Why we need Logistic Regression?

Published in

Analytics Vidhya

4 min readApr 17, 2021

Why we need logistic regression?
It can be asked by interviewer for sure, if we can use linear regression then why logistic regression so sometimes in our data we have outliers so in linear regression we have to make best fit line based on the data point that will incorrectly predict the output values so here in this case our linear regression fail,

So two reasons why should linear regression not be used for the binary classification :

Whenever I have a lot of outliers then our best fit line can completely deviate.
Whatever output I am getting, most of the time I am getting greater than 1 and less than 0 so to solve this problem we have to use logistic regression.

So in regression, we are predicting the continuous values but what if we want to predict categorical values like True or False , right or wrong, Yes or no so in that case our linear regression model doesn’t work, so for solving this type of problem we have to use logistic regression. In logistic regression, we are playing with the probability(Chances of our output variable).

Logistic regression is a supervised learning classification algorithm used to predict the probability of the target variable. By logistic we are trying to solve the binary classification(True or false )and Multiclass classification(Class 1, class2, class3 and so on)

How it works?

As our goal is to find yes or no by using some independent variables so you can imagine there can be only two cases 0 and 1 by which we can say if I get 0 then no or Failure if I get 1 then yes or success, in this algorithm we have set a bar and that bar will help us to categorize this yes or no variables.

As shown in the graph we have set a threshold value of 0.5, if the value is greater than 0.5 it’s a success and if less than 0.5 it’s a failure. So in logistic regression, our value is always between 0 and 1. So you must thinking that if the data point value is preciously positioned at threshold 0.5 then in this case that data points are unclassifiable and that is a very rare case.

Another point to be noted if our data point lies above the line then it is considered as +ve and if it's below the slope then it is considered as -ve.

The main aim of logistic regression is to find out the max of the cost function.

The cost function is derived from Y=wx+c (equation of line).If you want to learn more about this equation please read out my prior article https://medium.com/@Monikarajput./facts-behind-linear-regression-42b100fa2cd3

and this cost function value based on the updation of weight “w” which gives the maximum value that will be used to create the best fit line.

and in the next step, we will use the sigmoid function. Now, what is a sigmoid function?

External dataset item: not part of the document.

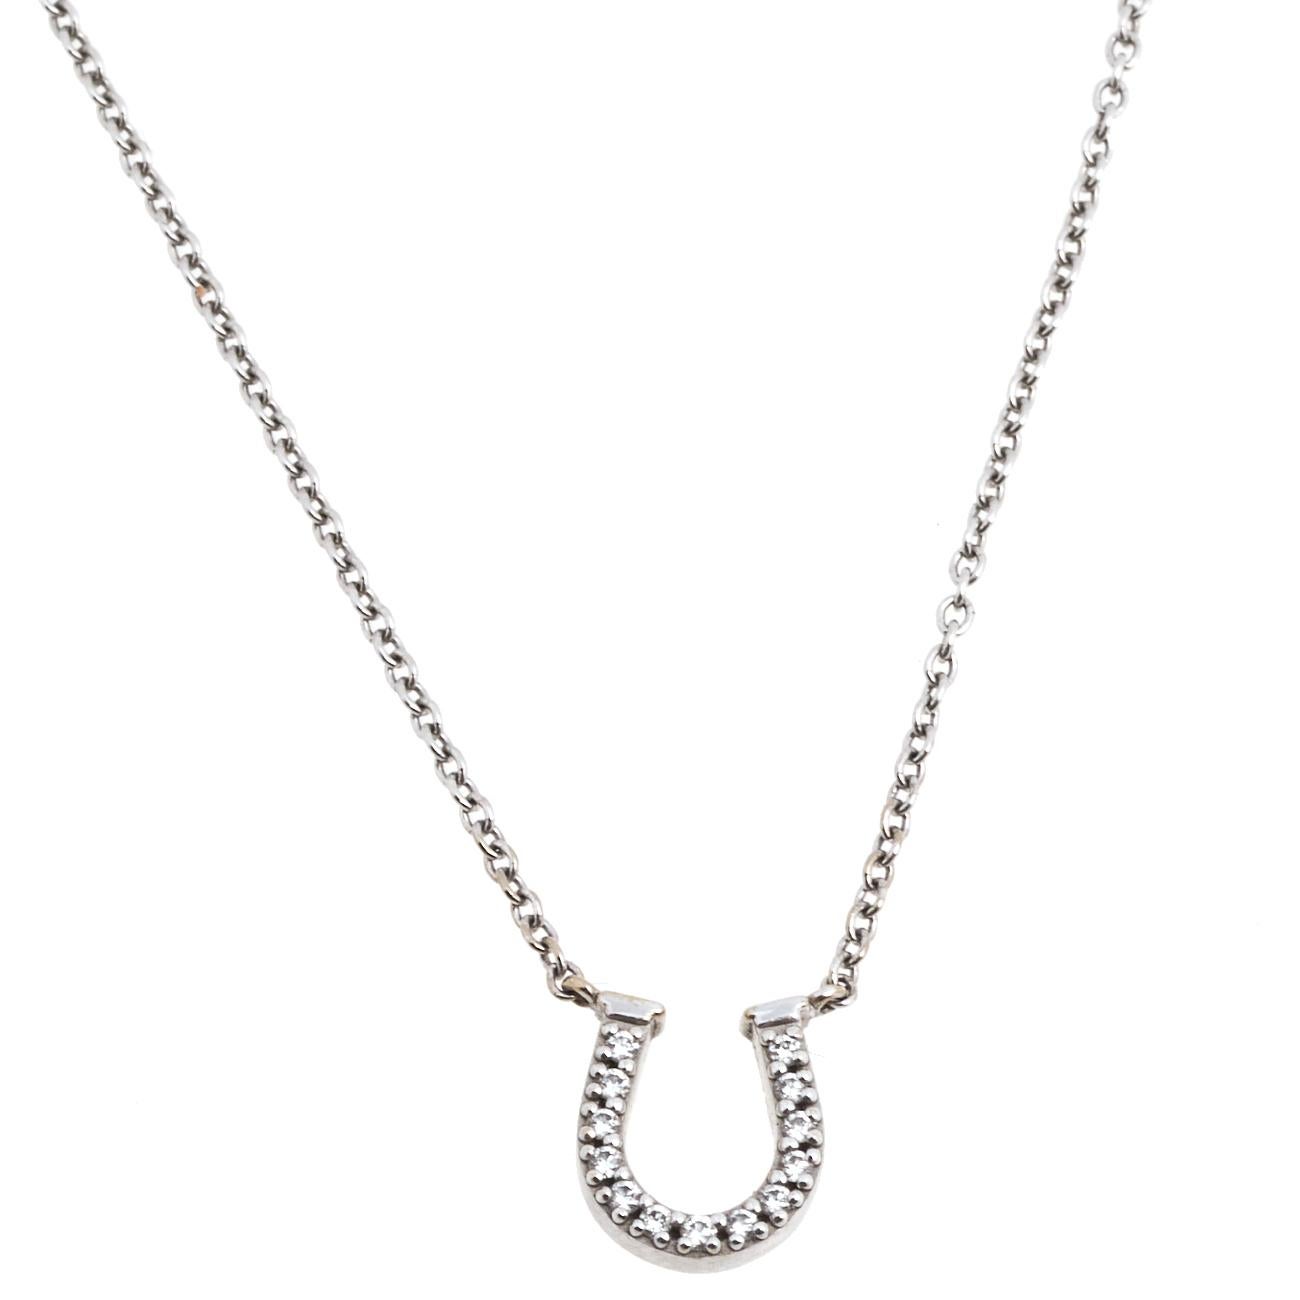 This breathtaking necklace from Tiffany & Co. is designed with the true spirit of perfection. One can see the harmonious fusion of gemstones with contemporary charm in every detail. Sculpted using precious 18k white gold, the necklace features a

The sigmoid function will transform all your summation between 0 to 1 by doing this it is eliminating the effect of outliers and that is where our sigmoid function used. how vastly high value may be having let it be any number of outliers you have it will directly transform those values into small values that are range between 0 to 1

So the main funda is doing this multiplication y*wx and applying this particular activation function with updating the “m”, unless or until you get the best fit line that can classify the points and put this value in the sigmoid function.

Two Types of Logistic regression

Binary Logistic Regression
Multiclass Logistic Regression

Binary Logistic Regression

The simplest form of logistic regression is binary or binomial logistic regression in which the target or dependent variable can have only 2 possible types either 1 or 0.

Multiclass Logistic regression

Suppose we have three classes, type A, type B, type C so here what logistic regression is doing is to split the multi-class classification problem into multiple binary classification problems and fit a standard logistic regression model on each sub-problem. we called this technique one vs rest.

As shown in the figure we have three classes so after applying this approach we have 3 models now when we feed our test data then every model gives the output then we select the model which has the highest probability we will consider that as our output.